Friday, December 11, 2020

Evolution or Revolution 3

Let me start this post with some quotes from @adriandaub's book What Tech Calls Thinking.

Disruption has become a way to tell a story about the meaning of both discontinuity and continuity.

Daub p 119

One ought to be skeptical of unsubstantiated claims of something's being totally new and not following the hitherto established rules (of business, of politics, of common sense), just as one is skeptical of claims that something which really does feel and look unprecedented is simply a continuation of the status quo.

Daub pp 115-6

For example, Uber.

Uber claims to have revolutionized the experience of hailing a cab, but really that experience has stayed largely the same. What it has managed to get rid of were steady jobs, unions, and anyone other than Uber's making money on the whole enterprise.

Daub p 105

Clayton Christensen would agree. In an article restating his original definition of the term Disruptive Innovation, he put Uber into the category of what he calls Sustaining Innovation.
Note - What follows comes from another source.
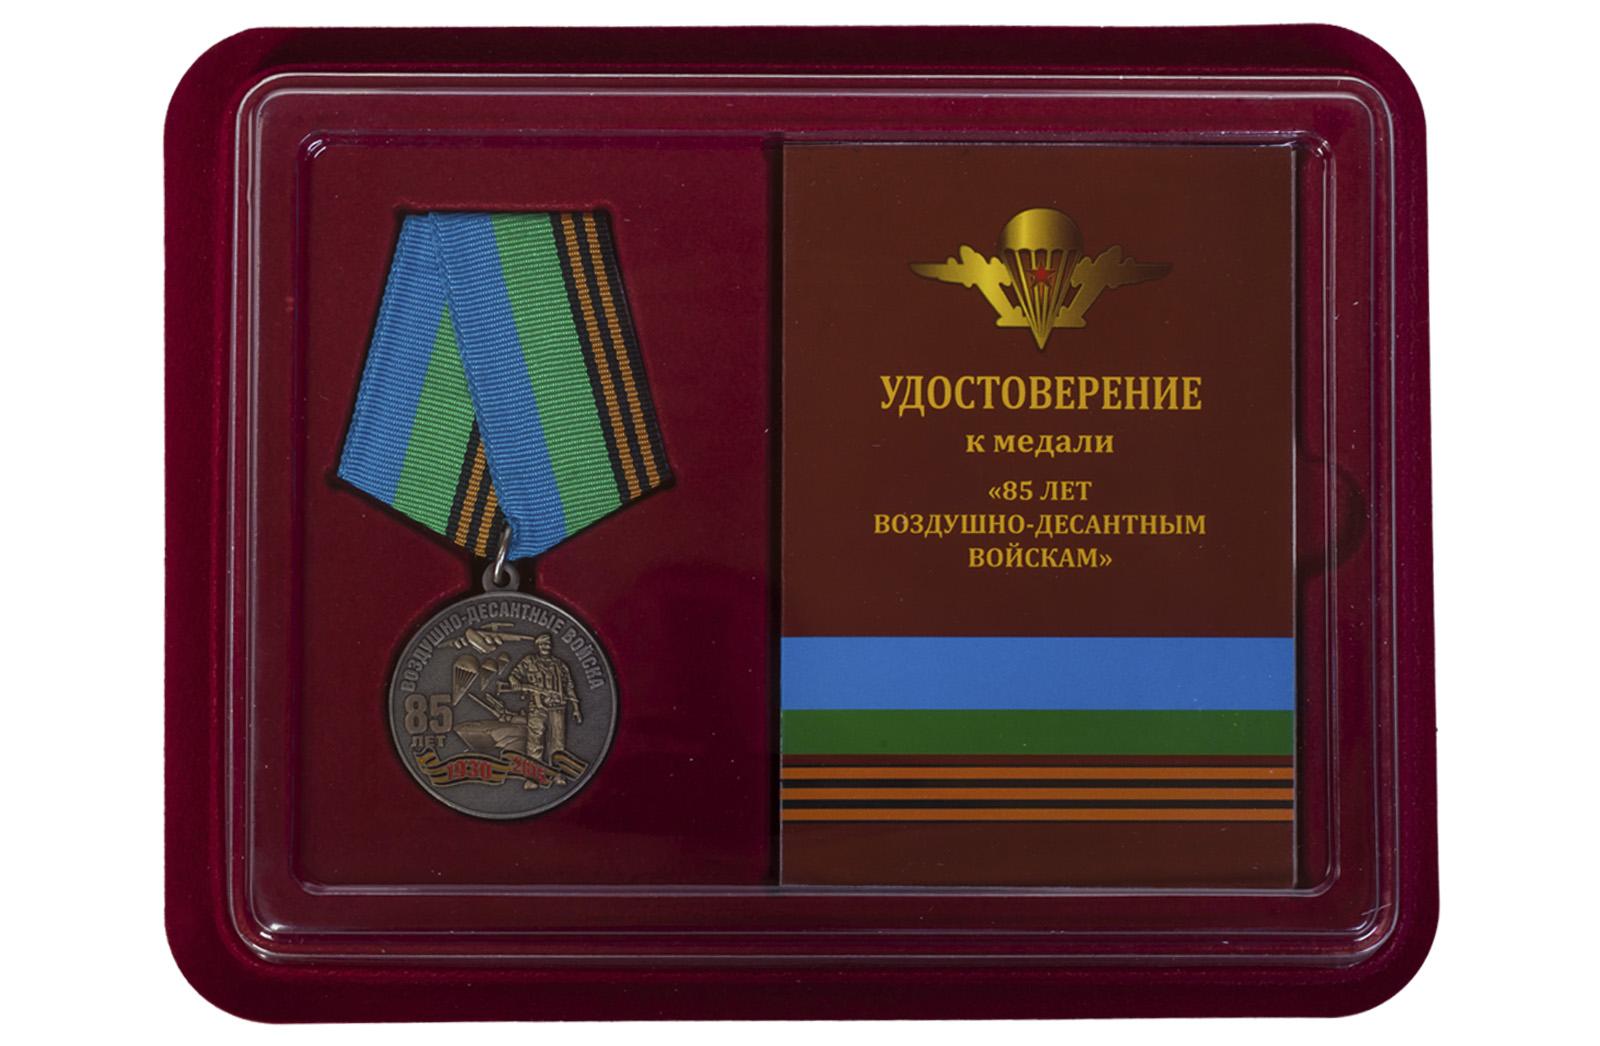 Купить медаль с символикой ВДВ в бархатистом футляре онлайн с доставкой
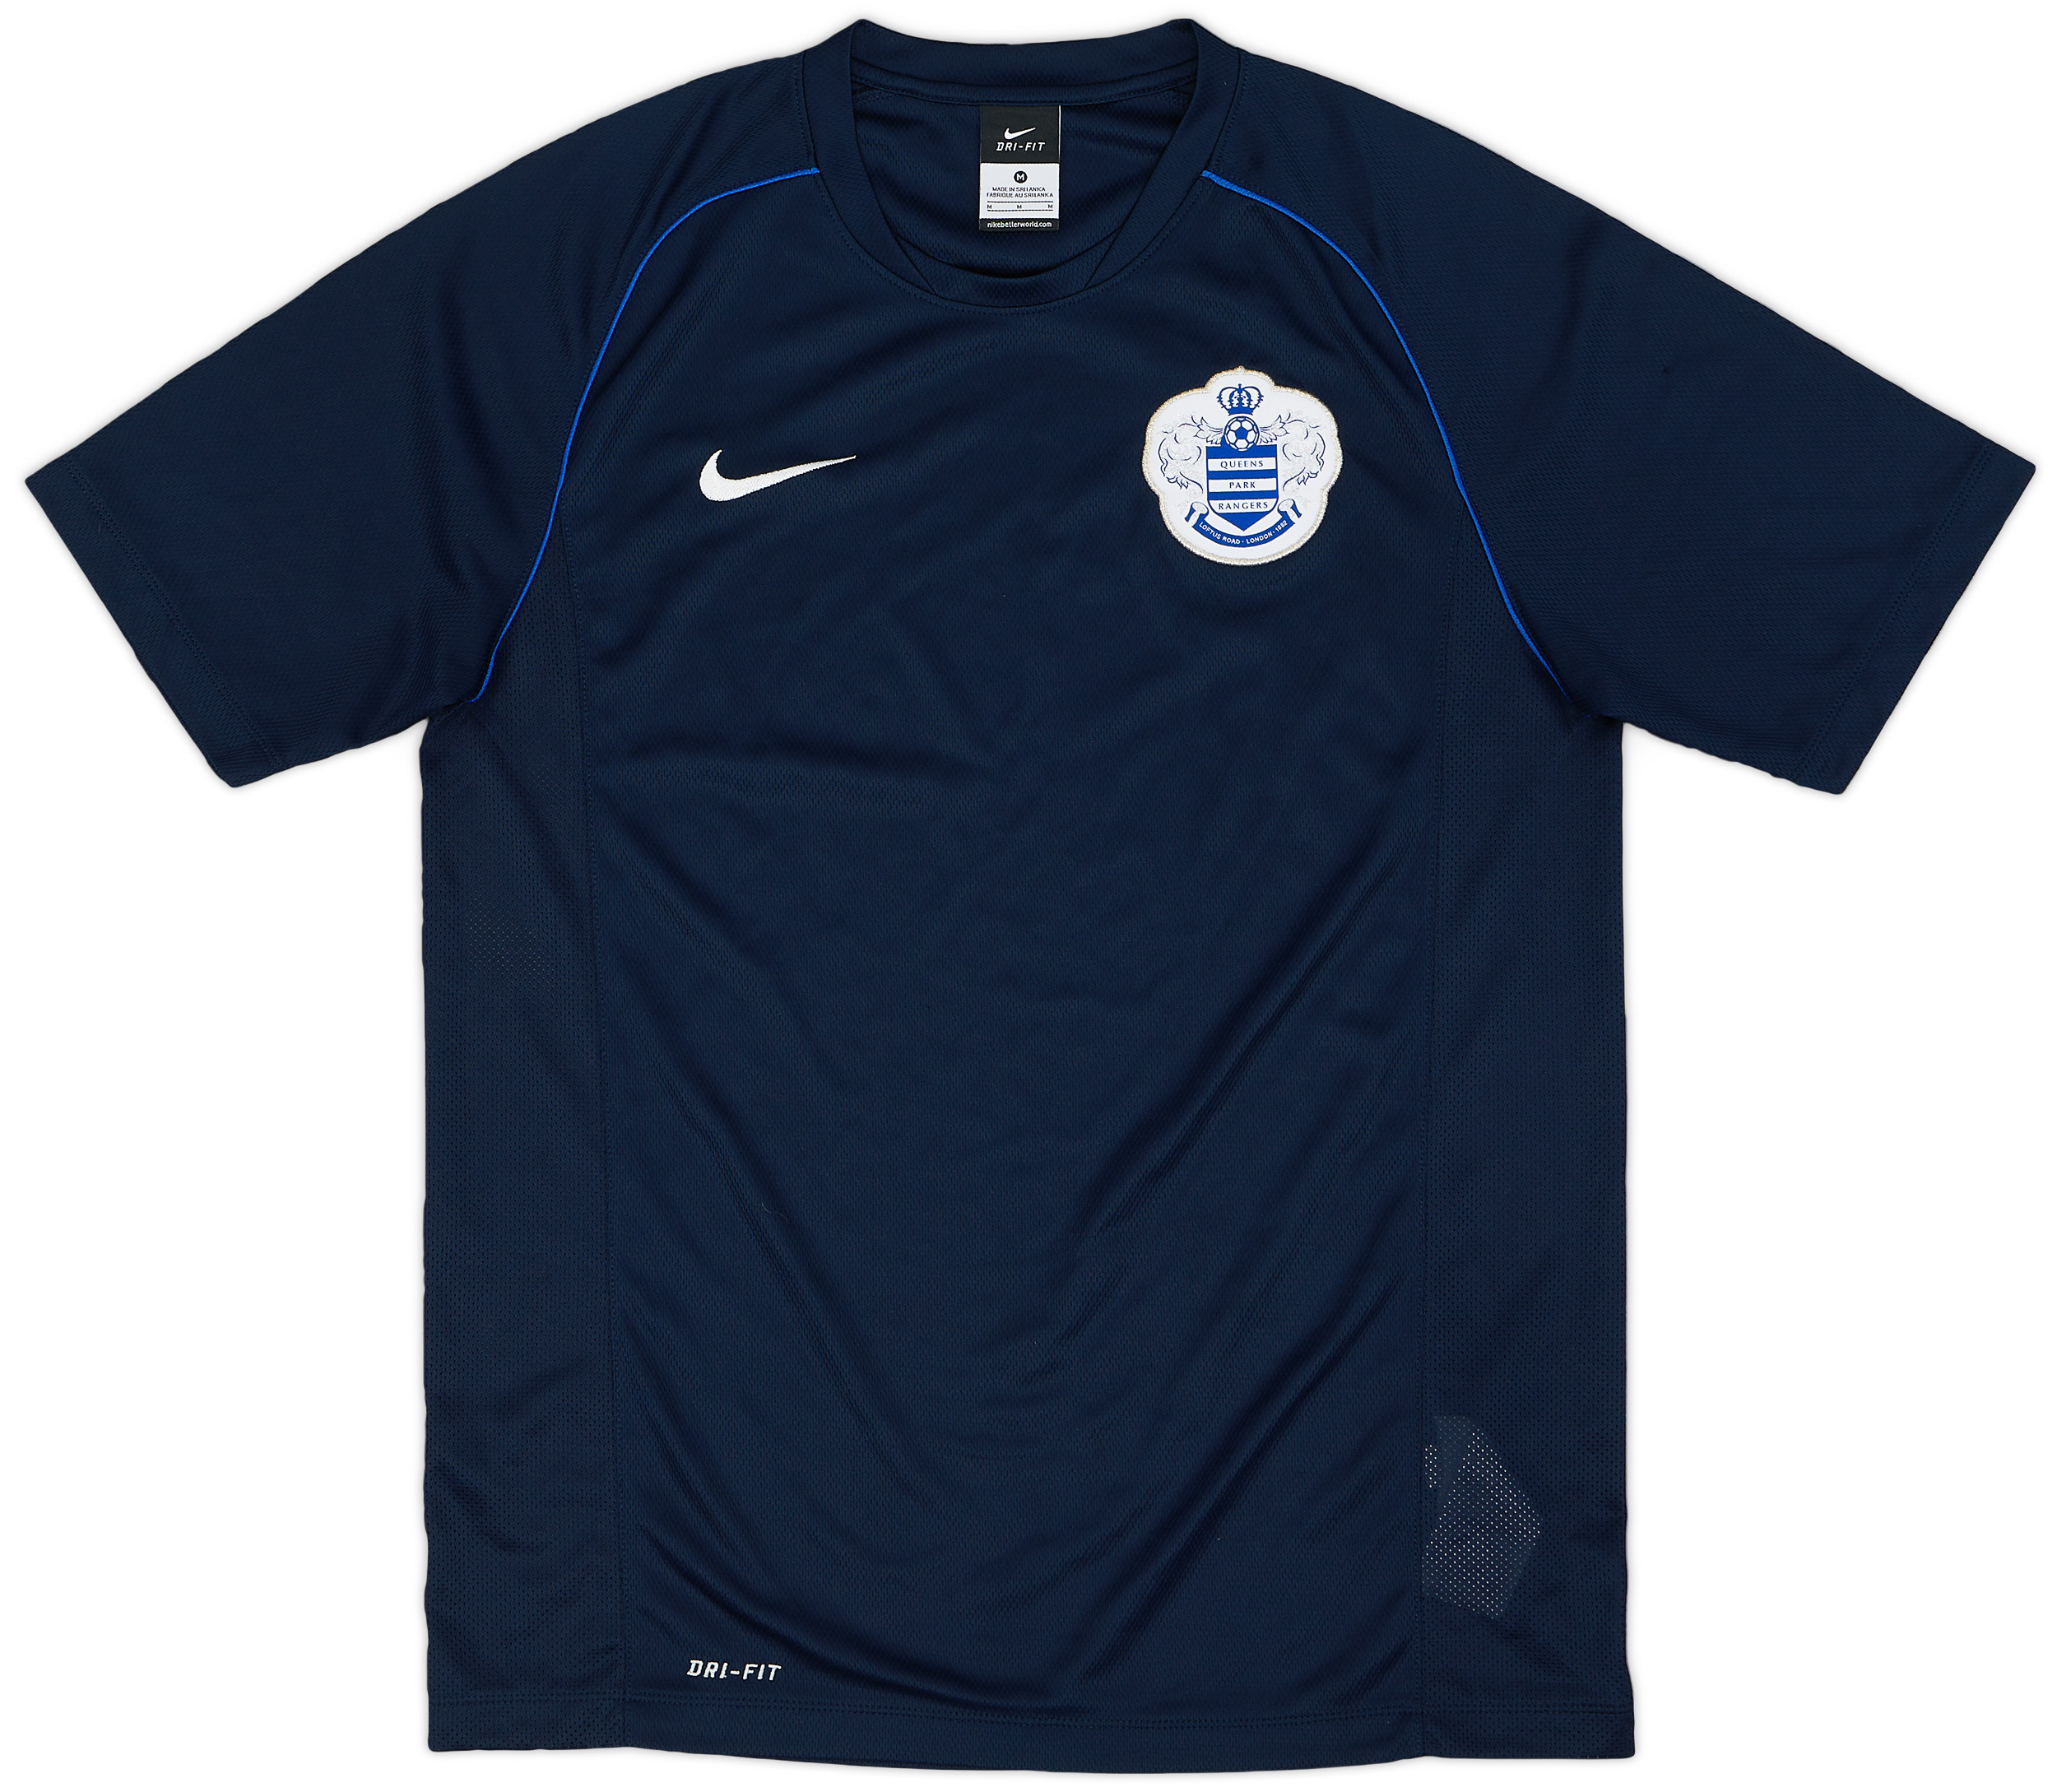 2014-15 QPR Nike Training Shirt - 9/10 - (M)

Uber’s financial and strategic achievements do not qualify the company as genuinely disruptive—although the company is almost always described that way.

HBR 2015

However, as I pointed out on Twitter earlier today, Christensen's use of the word disruptive has been widely diverted by big tech vendors and big consultancies in an attempt to glamorize their marketing to big corporates. If you put the name of any of the big consultancies into an Internet search engine together with the word disruption, you can find many examples of this. Here's one picked at random: Discover how you can seize the upside of disruption across your industry.

The same experiment can be tried with other jargon terms, such as paradigm shift. By the way, Daub notes that Alex Karp, one of the founders of Palantir, wrote his doctoral dissertation on jargon - speech that is used more for the feelings it engenders and transports in certain quarters than for its informational content (Daub p 85).

@jchyip thinks we should try to stick to Christensen's original definitions. But although I don't approve of vendors fudging perfectly good technical terms for their own marketing purposes, there is sometimes a limit to the extent to which we can insist that such terms still carry their original meaning.

And to my mind this is not just a dispute about the meaning of the word disruptive but a question of which discourse shall prevail. I have long argued that claims of continuity and novelty are not always mututally exclusive, since they may simply be alternative descriptions of the same thing for different audiences. The choice of description is then a question of framing rather than some objective truth. As Daub notes

The way the term is used today really implies that whatever continuity is being disrupted deserved to be disrupted.

Daub p 119

For more on this, see the earlier posts in this series: Evolution or Revolution (May 2006), Evolution or Revolution 2 (March 2010)

In a comment below the March 2010 post, @cecildjx asked my opinion on the (relative) significance of the Internet versus the iPhone. Here's what I answered.

My argument is that our feelings about technology are fundamentally and systematically distorted by glamour and proximity. Of course we are often fascinated by the most-recent, and we tend to take the less-recent for granted, but that is an unreliable basis for believing that the recent is (or will turn out to be) more significant from a larger historical perspective.

What I really find interesting (from a socio-historical perspective) is how quickly technologies can shift from fascinating to taken-for-granted. Since I started work, my working life have been transformed by a range of tools, including word processing, spreadsheets, mobile phones, fax machines, email and internet. Apart from a few developers working for Microsoft or Google, is anyone nowadays fascinated by word processors or spreadsheets? If we pay attention to the social changes brought about by the Internet, and ignore the social changes brought about by the word processor, then of course we will get a distorted view of the internet's importance. If we glamorize the iPhone while regarding older mobile telephones as uninteresting, we end up making a fetish of some specific design features of a particular product.

If we have a distorted sense of which innovations are truly disruptive or significant, we also have a distorted sense of technological change as a whole. There is a widespread belief that the pace of technological change is increasing, but this could be an illusion caused (again) by proximity. See my post on Rates of Evolution (September 2007), where I also note that some stakeholders have a vested interest in talking up the pace of technology change.


Clayton M. Christensen, Michael E. Raynor, and Rory McDonald, What Is Disruptive Innovation? (HBR Magazine, December 2015)

Adrian Daub, What Tech Calls Thinking (Farrar Straus and Giroux, 2020)

Thanks to @jchyip for kicking off the most recent discussion.